In conducting its business as an investment adviser, FMC analyzes and
follows on a continuous basis the business, operations, financial structure,
industry and markets of issuers in which its client portfolios have investment
positions. To that end FMC personnel from time to time may have meetings or
discussions with representatives of such issuers, their competitors, customers,
suppliers and other industry observers or various other parties and in the
course thereof may suggest or take positions or otherwise express opinions with
respect to potential changes in the business, operations, financial structure or
management of such issuers. Such suggestions or positions may relate to one or
more transactions of the character specified in clauses (a) through (j) of the
last paragraph under this Item 4 below, including without limitation such
matters as a merger or sale of an issuer or changes in those provisions of its
charter, by-laws or other governing instruments that could impede the
acquisition or change in control of such issuer.

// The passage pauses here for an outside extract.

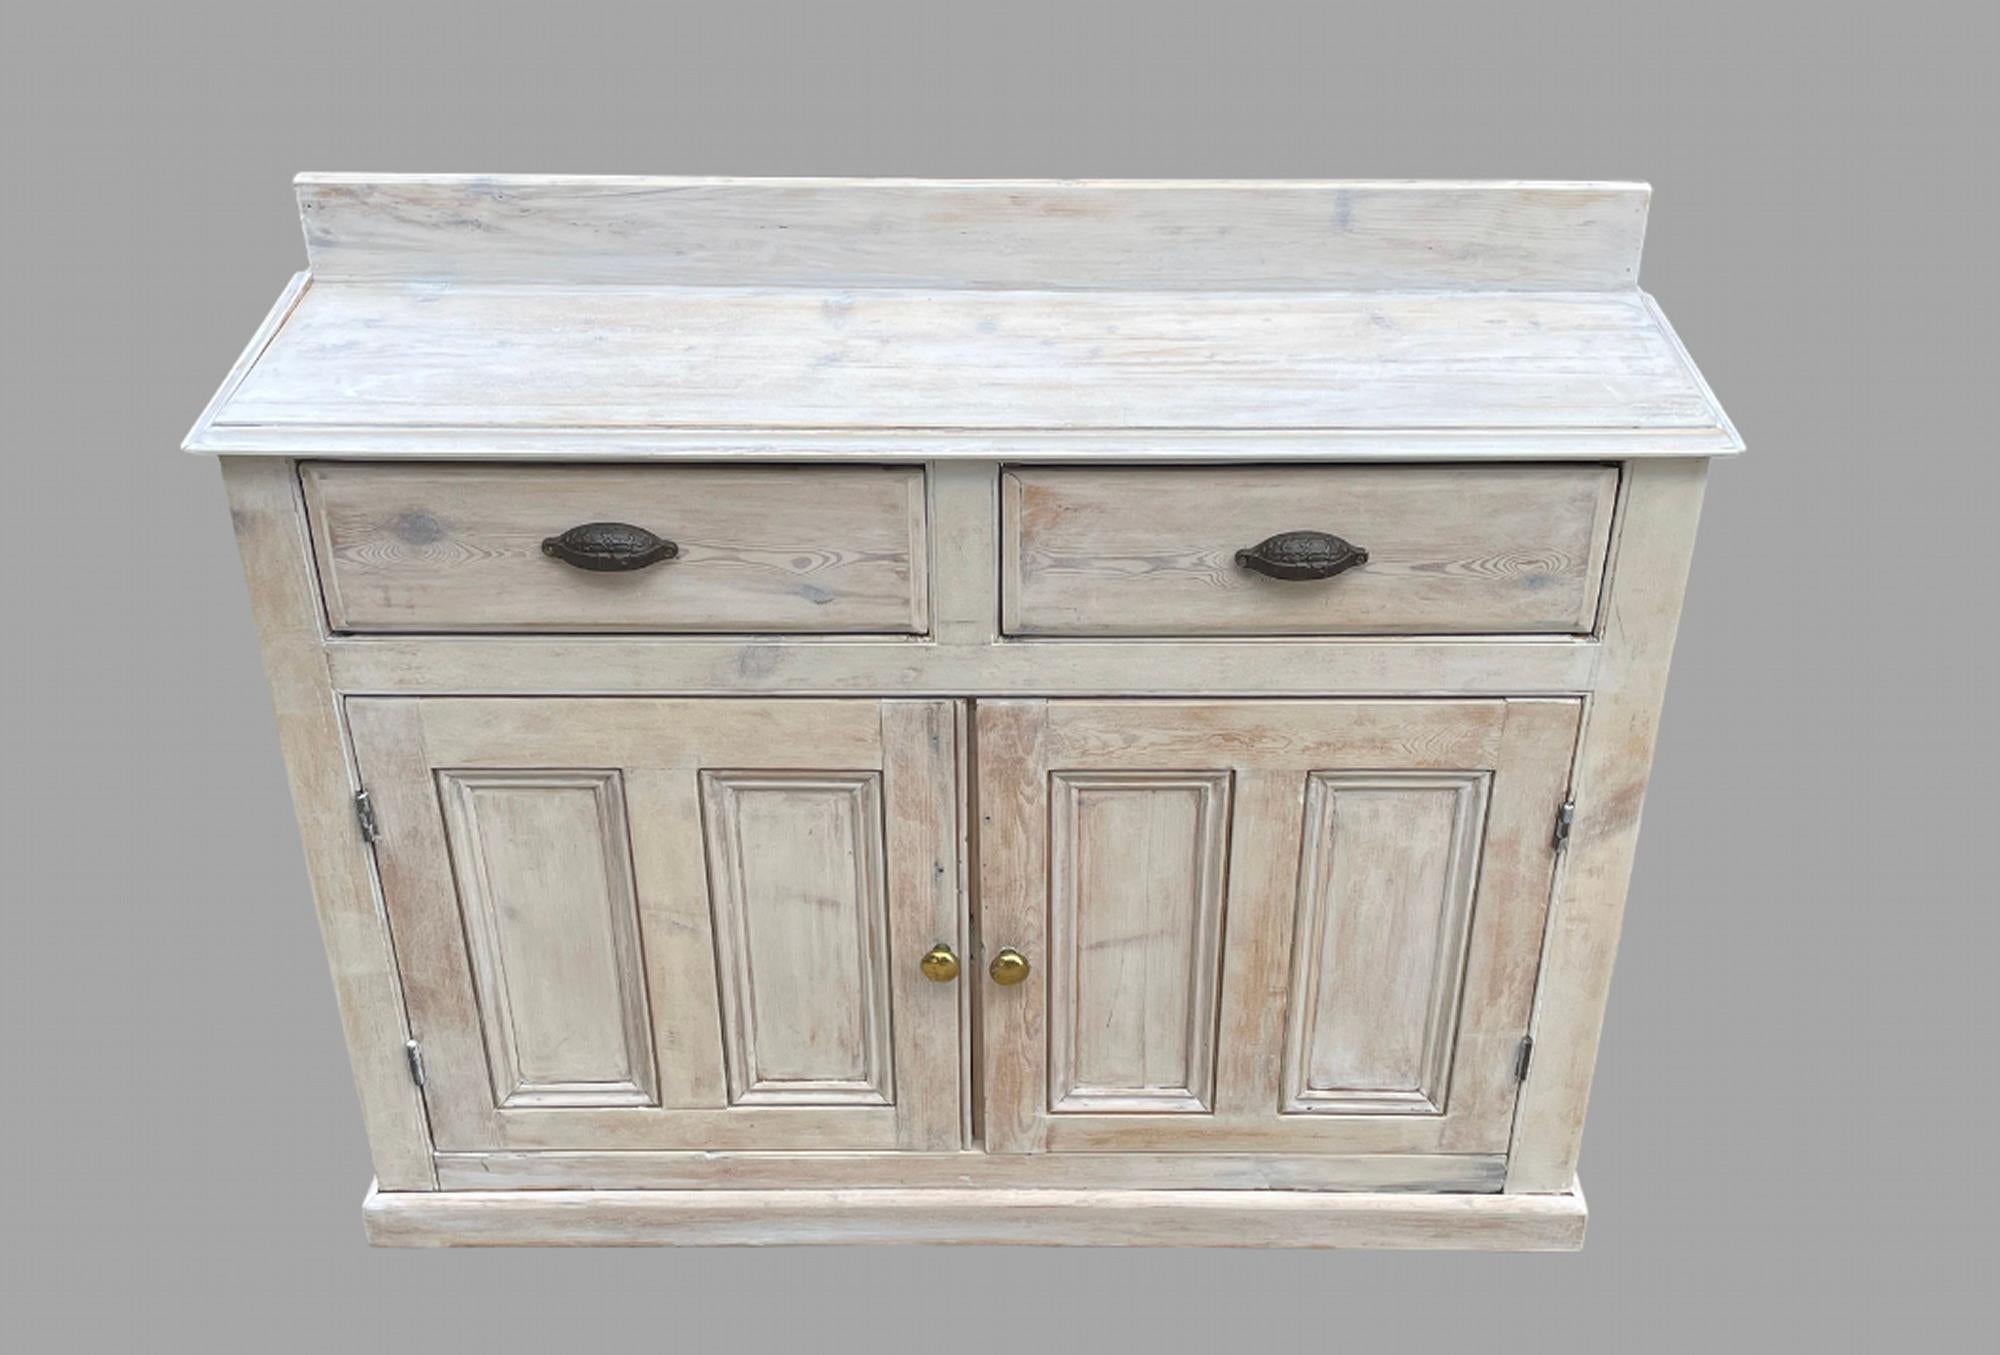 A lovely Rustic Pine Dresser or a sideboard that has been stripped and limed with two drawers and two cupboards and with a shelf.

The Common Stock to which this statement relates was purchased for the
purpose of investment without any plans or proposals which relate to or would
result in any transactions of the character mentioned above and without the
purpose or effect of changing or influencing the control of the Issuer or in
connection with or as a participant in any transaction having that purpose or
effect. However, as reflected in the Issuer's most recent Notice of Annual
Meeting and Proxy Statement (dated March 28, 2000), over the past several years
shareholders' return on the Issuer's Common Stock has been singularly
disappointing. Indeed, from December 31, 1995 to October 31, 2000, a $100
investment in the Issuer's Common Stock resulted, after including all dividends,
in a loss of $4. By comparison, an equivalent investment over the same period in
the S&P 500 Index would have resulted in a gain of more than $150. FMC has
therefore concluded that a material improvement in such return may best be
achieved by the Issuer's merging or being acquired rather than continuing as an
independent company. Accordingly, FMC intends to suggest such a transaction to
one or more parties and to encourage their approaching and dealing directly with
representatives of the Issuer for that purpose. Also to that end, FMC may have
discussions with representatives of the Issuer and other shareholders.

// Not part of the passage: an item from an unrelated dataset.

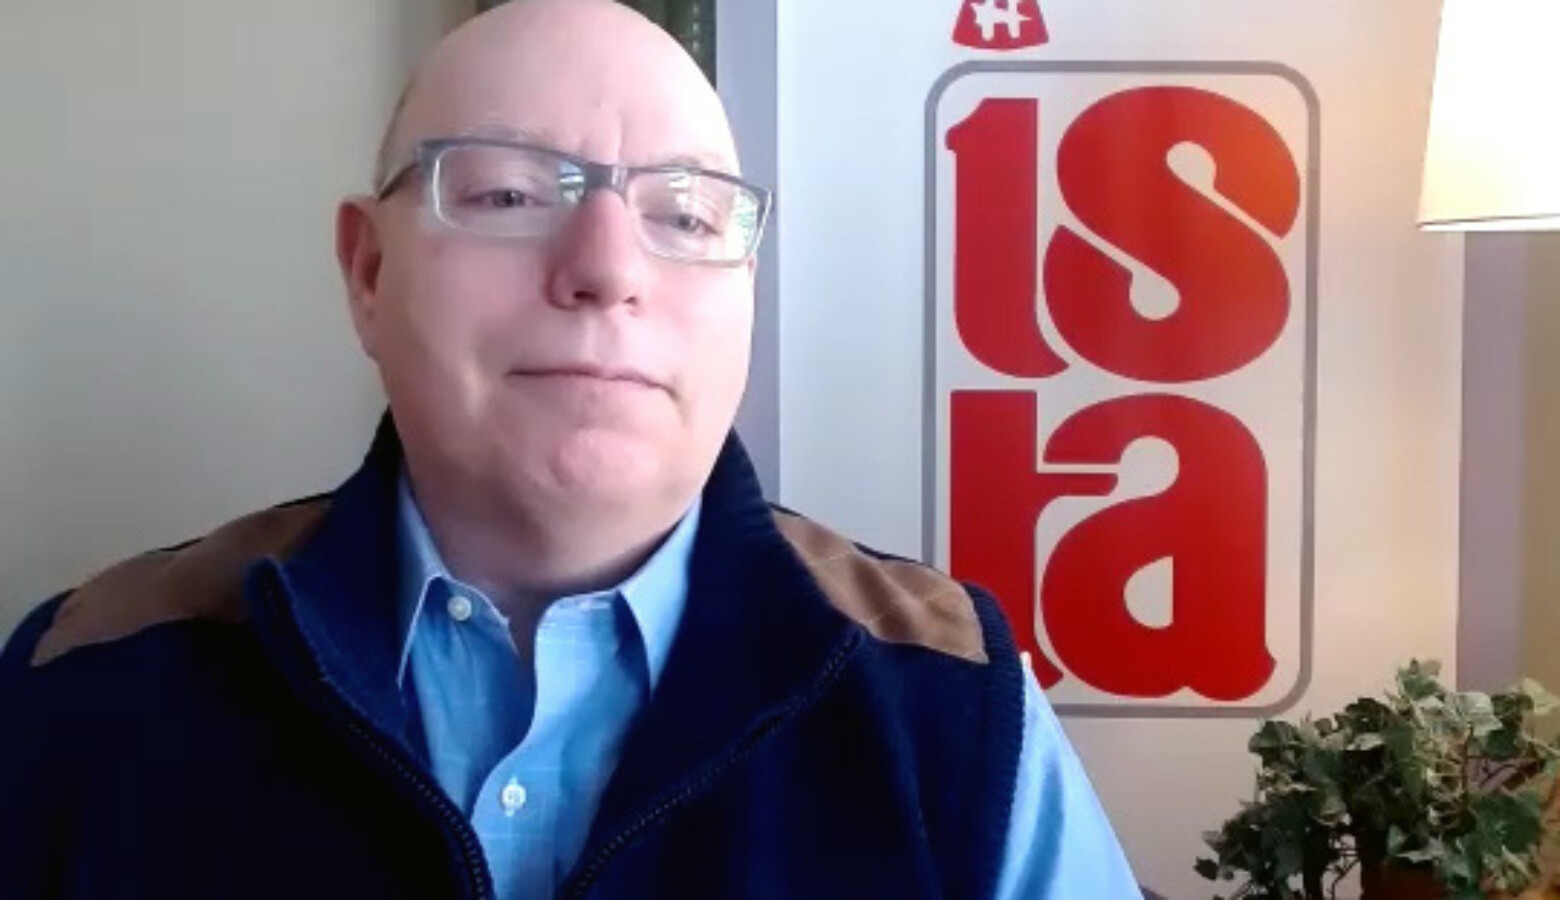 Indiana State Teachers Association President Keith Gambill says local union leaders will continue working with schools to bring more students back into classrooms as educators get vaccinated against COVID-19. (Screenshot of Zoom call)

Except as set forth above, at the present time FMC does not have any
plans or proposals which relate to or would result in (a) the acquisition by any
person of additional securities of the Issuer, or the disposition of securities
of the Issuer, (b) an extraordinary corporate transaction, such as a merger,
reorganization or liquidation, involving the Issuer or any of its subsidiaries,
(c) a sale or transfer of a material amount of assets of the Issuer or any of
its subsidiaries, (d) any change in the present board of directors or management
of the Issuer, including any plans or proposals to change the number or term of
directors or to fill any existing vacancies on the board, (e) any material
change in the present capitalization or dividend policy of the Issuer, (f) any
other material change in the Issuer's business or corporate structure, (g)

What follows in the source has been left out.